Inoltre, al terzo piano di Merano Arte, sarà possibile immergersi in uno spazio di riflessione che invita i visitatori a interrogarsi sul tema di un lascito artistico. Cosa si intende con questa espressione? E come si può prendersene cura? Queste tematiche saranno esplorate nella sezione dal titolo “La possibilità d’azione di un lascito d’artista” attraverso una selezione di opere, materiali di lavoro e pubblicazioni provenienti dal lascito dell’artista e fotografo Christian Martinelli, nonché attraverso una serie di eventi pubblici. Questo spazio è curato da BAU, Istituto per l’Arte Contemporanea e l’Ecologia (Simone Mair e Lisa Mazza).

Con questa mostra, Merano Arte intende portare avanti tanto un filone di ricerca sul linguaggio fotografico, che ha caratterizzato la sua programmazione espositiva fin dagli esordi, quanto la sua vocazione a promuovere la conoscenza degli artisti che operano sul territorio. In passato sono state proposte, infatti, una serie di mostre in cui hanno trovato spazio i grandi nomi della fotografia internazionale, come Robert Mapplethorpe (2004), Man Ray (2005), Boris Mikhailov (2007), Elliot Erwin (2011), Cindy Sherman (2013), Ugo Mulas (2014) o Francesca Woodman (2015). Parallelamente, non è mancato un filone di ricerca sul contesto locale, che ha interessato figure storiche come Karl Erhart, Oswald Kofler o Hansgeorg Hölzl (2012) e ricerche più recenti come quella di Elisabeth Hölzl (2022). La scelta di dare spazio a un fotografo originario di Merano ha quindi l’obiettivo di promuovere e valorizzare la conoscenza del suo lavoro, presentato per la prima volta in una forma così ampia.

Educazione artistica
Oltre a diversi workshop dedicati alla fotografia analogica, proposti soprattutto nella camera oscura, la serie di workshop “Alla ricerca di tracce / Spurensuche” riattiverà il “Gallery Van”, la piccola roulotte di Christian Martinelli utilizzata per corsi e esposizioni fotografiche proposte nei contesti più disparati, come ad esempio tra i pastori sardi. Definita anche “Public Gallery” essa era per Martinelli un “progetto itinerante con mostre site specific per portare la fotografia in spazi inaccessibili”. Portata ai confini dell’Alto Adige, la roulotte tornerà a essere uno spazio temporaneo per corsi di fotografia, una camera oscura e una galleria.

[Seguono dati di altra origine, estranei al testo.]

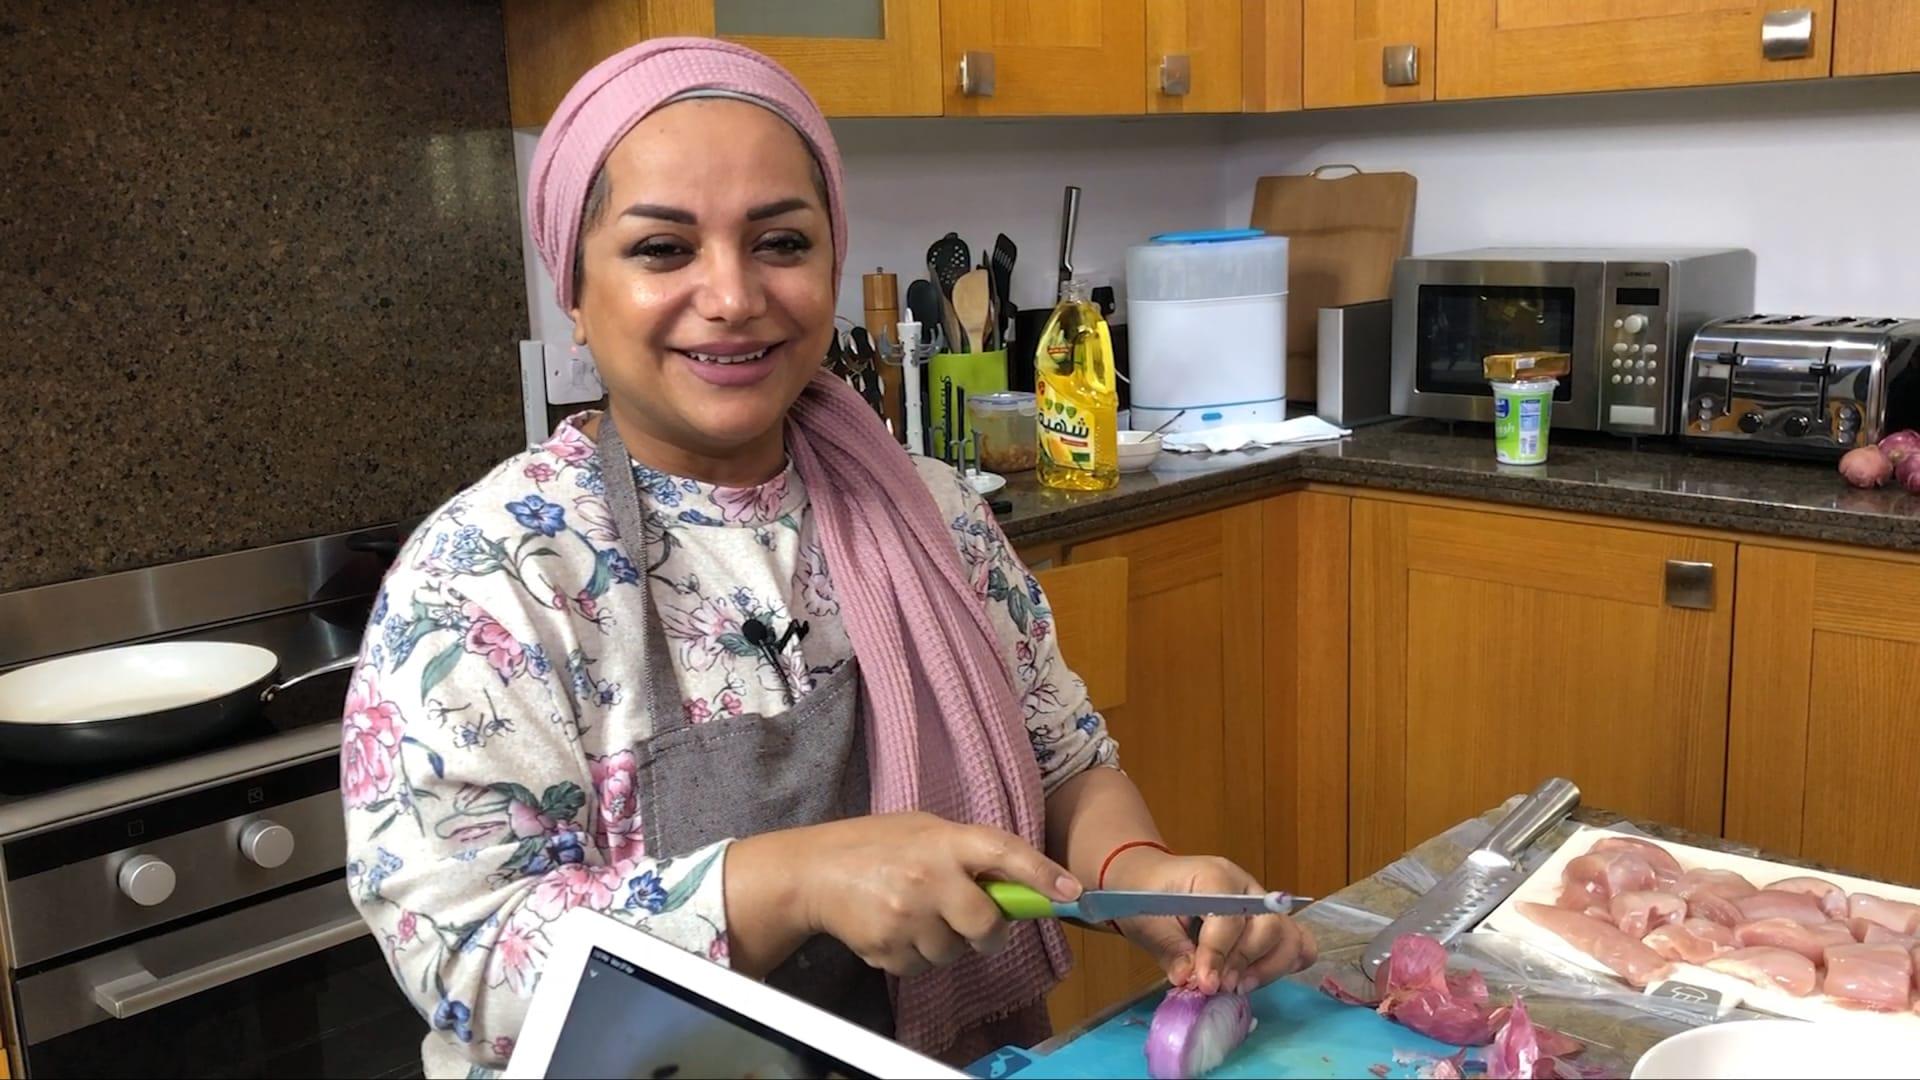 المخرجة نايلة الخاجة تصف كيف تغير شهر رمضان لها هذا العام في خضم تفشي فيروس كورونا

Festival SONORA 706, orizzonti
Parallelamente alla mostra, tra il 12 e il 27 ottobre, il festival di musica contemporanea SONORA 706 con il titolo orizzonti dedica la sua settima edizione alla figura di Christian Martinelli.
Oltre ad alcuni brani posti in diretta relazione con le opere dell’artista presenti nel primo programma, il festival si dipana attraverso i 5 appuntamenti previsti a Merano al teatro Puccini, al Pavillon des Fleurs e a Merano Arte, indagando alcuni possibili orizzonti tra gli infiniti potenzialmente offerti all’esperienza di ciascun individuo. Traendo spunto in questo, tanto dagli orizzonti fotografati da Martinelli, quanto dall’esempio che l’artista ha saputo dare nella sua capacità di abitare una porzione di mondo particolarmente ampia, nel corso della sua vicenda esistenziale.

Biografia
Artista e fotografo autodidatta, Christian Martinelli (Merano, 1970 – Innsbruck 2022) ha realizzato reportage in tutto il mondo, dedicandosi parallelamente a serie fotografiche incentrate sui temi del viaggio, della memoria, della vulnerabilità.
Uno dei suoi progetti più noti, realizzato in collaborazione con Adrea Pizzini e Andrea Salvà, è il “Cube”, un’enorme macchina fotografica dalle pareti specchianti (2x2x2 m), capace di produrre immagini direttamente in positivo – quindi pezzi unici – di altissima qualità. Adottando questo strumento, ha realizzato la serie Confini – percorrendo tutto il periplo delle coste italiane – ma anche nature morte, paesaggi montani, ritratti.
Altri progetti di Christian Martinelli vertono sul tema del viaggio a partire dalla reiterazione di uno stesso soggetto. Spesso si tratta di serie fotografiche che si protraggono per molti anni, come nel caso di Stories, con cui ha accompagnato la vita di 14 persone per oltre 20 anni, indagando tematiche come quali la malattia, l’amore, la nascita, l’abbandono e la morte.
Parallelamente all’attività di fotografo, Christian Martinelli ha sempre promosso la divulgazione della fotografia e delle sue tecniche, attraverso laboratori, mostre, incontri. Ha fondato l’associazione fotografica 00A, tutt’ora operante a Merano. Ha esposto in diverse istituzioni nazionali e internazionali tra cui Museion di Bolzano, Fotoforum Innsbruck, Foto Forum di Bolzano, Kunst Meran Merano Arte e il Museo Civico di Castelbuono.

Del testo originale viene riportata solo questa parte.